Por essas razões, cinco empresas brasileiras constam no ranking das cem companhias mais sustentáveis do mundo, elaborado pela revista canadense Corporate Knights e divulgado durante o Fórum Econômico Mundial em Davos, na Suíça. São elas: Natura (2ª colocada), Cemig (43ª), Vale (49ª), Pão de Açúcar (74ª) e Banco do Brasil (100ª).

Segundo informações da Época Negócios, as empresas têm de ter um valor de mercado de no mínimo US$ 2 bilhões (cerca de R$ 4 bilhões), até agosto do ano anterior (no caso, outubro de 2012) para poderem ser avaliadas pela comissão julgadora.

Natura (2ª colocada), Cemig (43ª), Vale (49ª), Pão de Açúcar (74ª) e Banco do Brasil (100ª) representam o Brasil no ranking.
O grupo também avalia outros indicadores como a produtividade da companhia no uso de energia, de água, de geração de resíduos, de emissões de carbono, o percentual de mulheres em postos de comando, segurança no trabalho, capacidade de inovação, relação entre o salário dos CEOs (Chief Executive Officeer) e demais funcionários, capacidade de inovação e rotatividade dos funcionários na empresa.
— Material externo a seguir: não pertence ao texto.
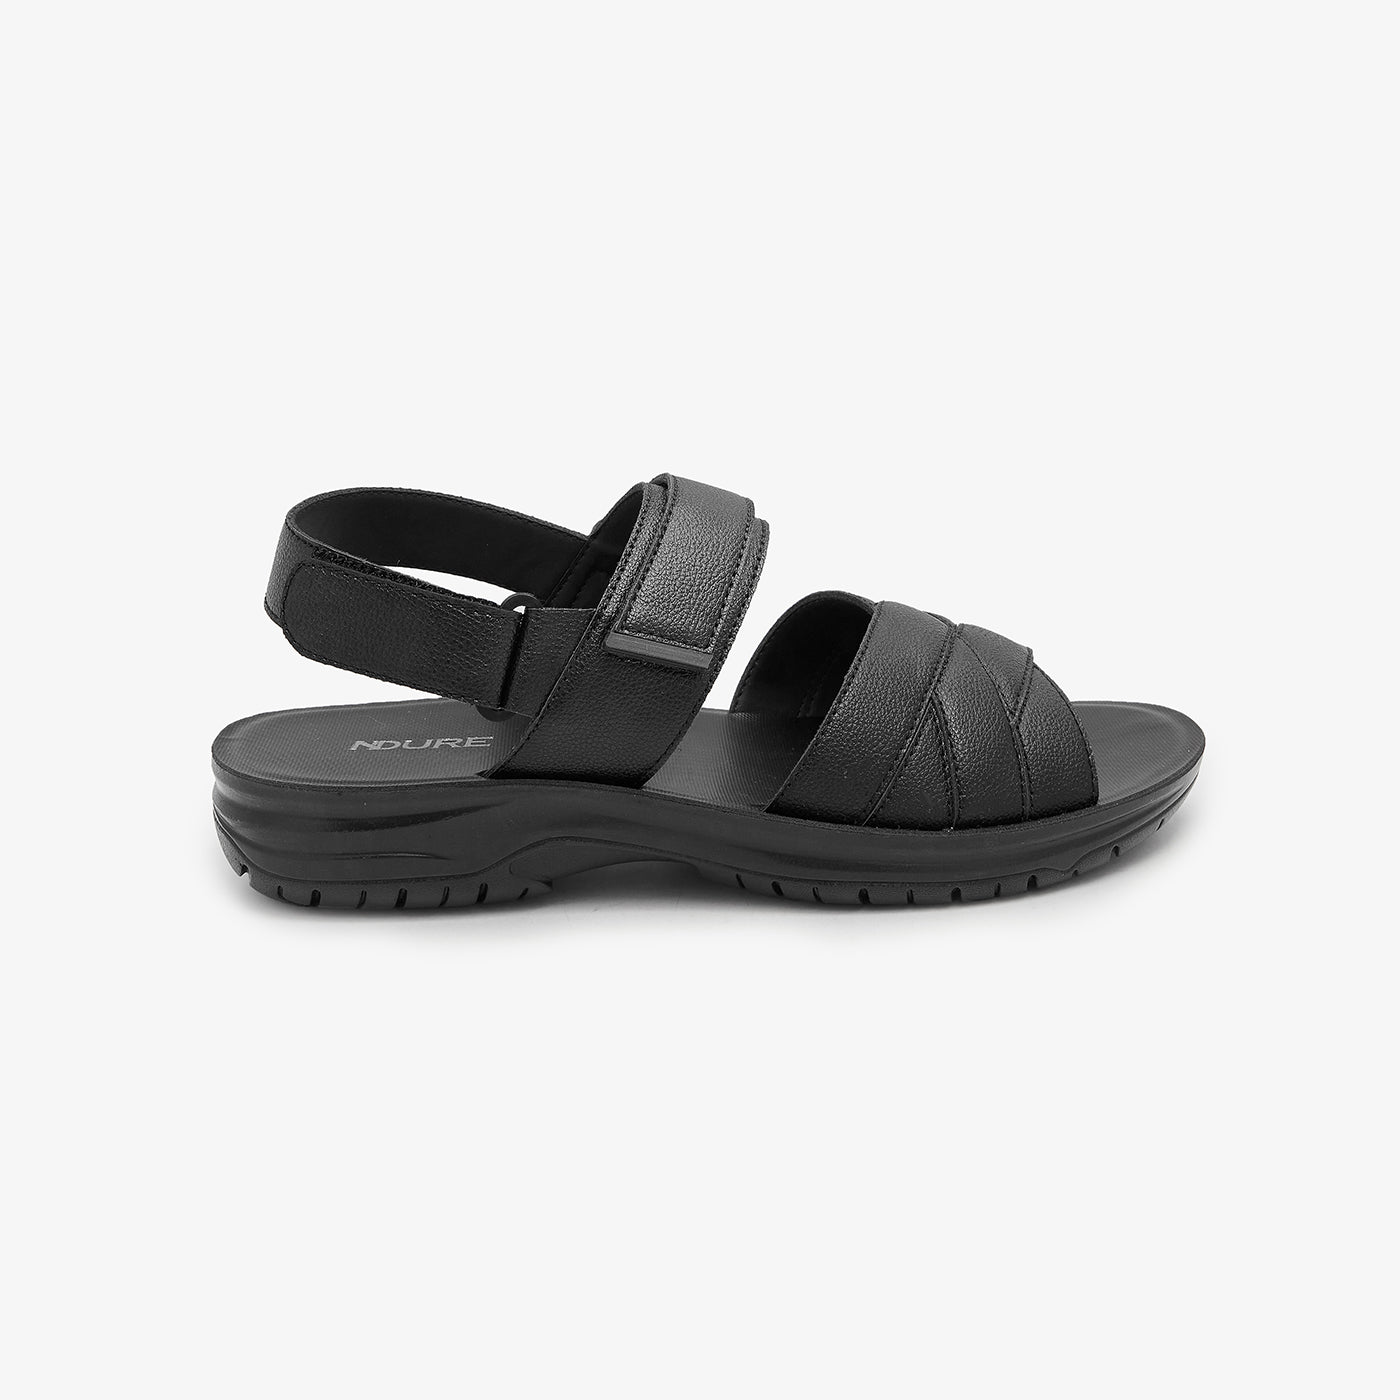 Best sandals for men

Pelo segundo ano consecutivo, a Natura ficou em segundo lugar no ranking. Em 2011, a companhia tinha ficado em 66º lugar. O primeiro posto deste ano ficou para a belga Umicore, que deve seu faturamento de U$ 19 bilhões à produção de tecnologias limpas, como catalizadores que diminuem a poluição gerada pelos automóveis. Para fabricar produtos como esse, a empresa utiliza cobre, zinco, cobalto e metais preciosos a partir da recuperação (ou seja, reciclagem) de resíduos de equipamentos eletrônicos, conversores, baterias recarregáveis e resíduos de fábricas de cobre e zinco.

Quando olhamos para a distribuição geográfica das empresas, o resultado é irônico: Estados Unidos e Canadá, países que hoje estão fora do Protocolo de Kyoto (o documento da ONU que estabelece metas de redução de emissões de CO2 para as nações signatárias), contam com o maior número de empresas no ranking, dez cada um. Em seguida aparecem Austrália, Reino Unido e França, com nove cada, Alemanha, com sete empresas, e o Brasil, com cinco.